До какого-то момента Римини даже не отдавал себе отчета в том, что фильм шел на французском. Лишь когда съехала нижняя строчка субтитров, он с ужасом осознал, что воспринимал диалоги не на слух, а читая перевод. И вот теперь, когда часть текста куда-то исчезла, а герои продолжали говорить по-французски, Римини охватила паника: он ничего не понимал. «Рамку!» — крикнул во весь голос кто-то из зрителей. Римини посмотрел на Кармен: судя по спокойному выражению ее лица, она даже не заметила пропажи субтитров. «Но как ты…» Да нет, все было ясно: Кармен прекрасно понимала французскую речь, и никакие субтитры ей были не нужны. Только он, он один, осиротел и потерял все. Он встал, перешагнул через открытую сумку, через зонтик, пробежал через зал по центральному проходу и, сориентировавшись по полоскам света под входными дверями, выскочил из зала в фойе — продавец сахарной ваты проводил его удивленным и в то же время по-коровьи невозмутимым взглядом; спустя десять секунд Римини, обнимая спящего сына, уже рыдал навзрыд в одной из кабинок туалета, созерцая, словно через мутное, залитое дождем ветровое стекло, произведение наскального искусства, выцарапанное на дверце кем-то из представителей первобытной расы в порыве вдохновения: здоровенный мужской член (вид спереди), с головки которого, нацеленной прямо на Римини, стекали капли спермы, сливавшиеся чуть ниже в номер телефона.

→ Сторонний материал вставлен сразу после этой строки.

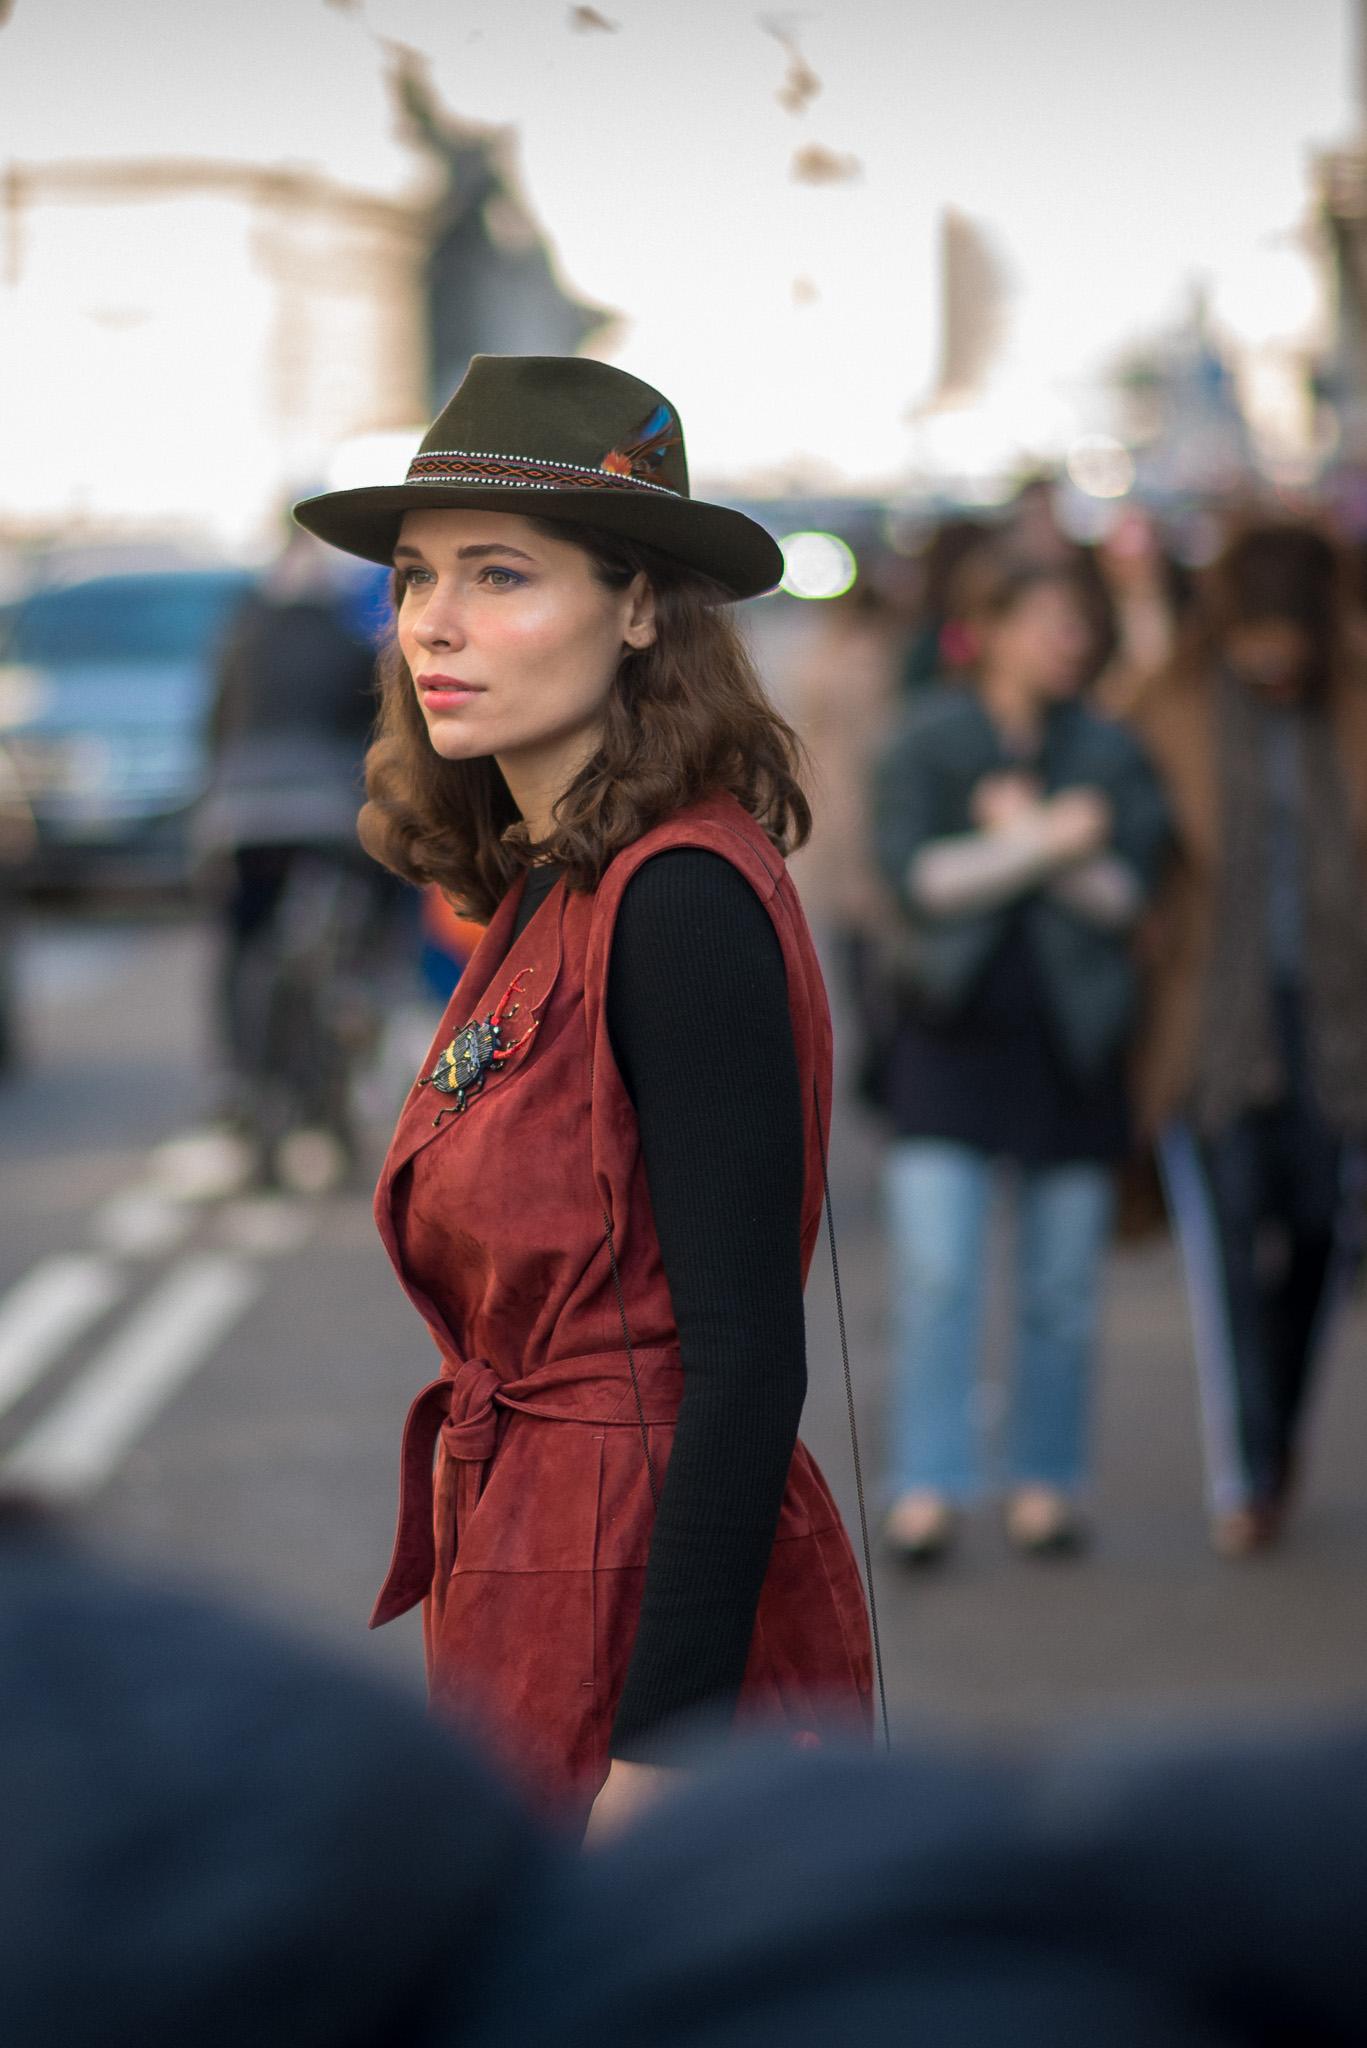 Polina Askeri_Street Style Moments_Trussardi_Milan Fashion Week_February 26th 2017_Photography Annika Lagerqvist_www.annikasomething.com

Долго плакать Римини не пришлось. Этот кризис, каким бы глубоким он ни казался, был купирован решительно и практически мгновенно: Лусио, разбуженный не то рыданиями отца, не то омерзительным запахом общественного туалета, тоже разревелся. Римини понял, что только что выучил еще одно отцовское правило, выполнять которое ему с этого дня надлежало неукоснительно: что бы ни происходило, какие бы напасти и беды ни обрушивались на них с Лусио — плакать одновременно с сыном отец не имел права. Римини с готовностью подчинился этому правилу и лишь с некоторой тоской подумал: что еще? От чего еще я теперь буду вынужден отказаться? Какие новые запреты наложит на меня, на мою жизнь и на мои чувства этот ребенок? На что еще он меня обрекает? Как бы то ни было, инцидент был быстро исчерпан — из туалета Римини вынес уже улыбающегося и довольного жизнью сына. Фильм к тому времени успел закончиться: Кармен ходила туда-сюда по фойе — как выяснилось, она обнаружила, что Римини с Лусио исчезли, только когда зажегся свет, — а вокруг нее уже кружили, словно вороны, двое-трое мастурбаторов, печальных и унылых в своем неизбывном одиночестве. Римини умилился, когда при виде беззубой улыбки младенца просветлело лицо матери; ему вдруг стал ясен подлинный смысл затертого выражения «плоть от плоти моей». Эта метафора и раньше казалась ему красивой, но воспринимал он ее несколько отстраненно — слишком уж часто ее использовали в сугубо религиозном смысле; теперь же ему стало ясно, что плотским соединением, связью между ребенком и его биологическими родителями смысл этой фразы не исчерпывается: у нее было и более глубокое значение совершенно особого единения, недоступное даже самой любящей бездетной паре. От осознания масштабов этого открытия, от понимания того, насколько теперь изменилась его жизнь, у Римини блаженно закружилась голова. Он понял, что любой поступок Лусио, имеющий отношение к нему, к Римини, точно так же был связан и с Кармен — и наоборот: все действия малыша, нацеленные так или иначе на маму, имели точно такое же отношение и к отцу.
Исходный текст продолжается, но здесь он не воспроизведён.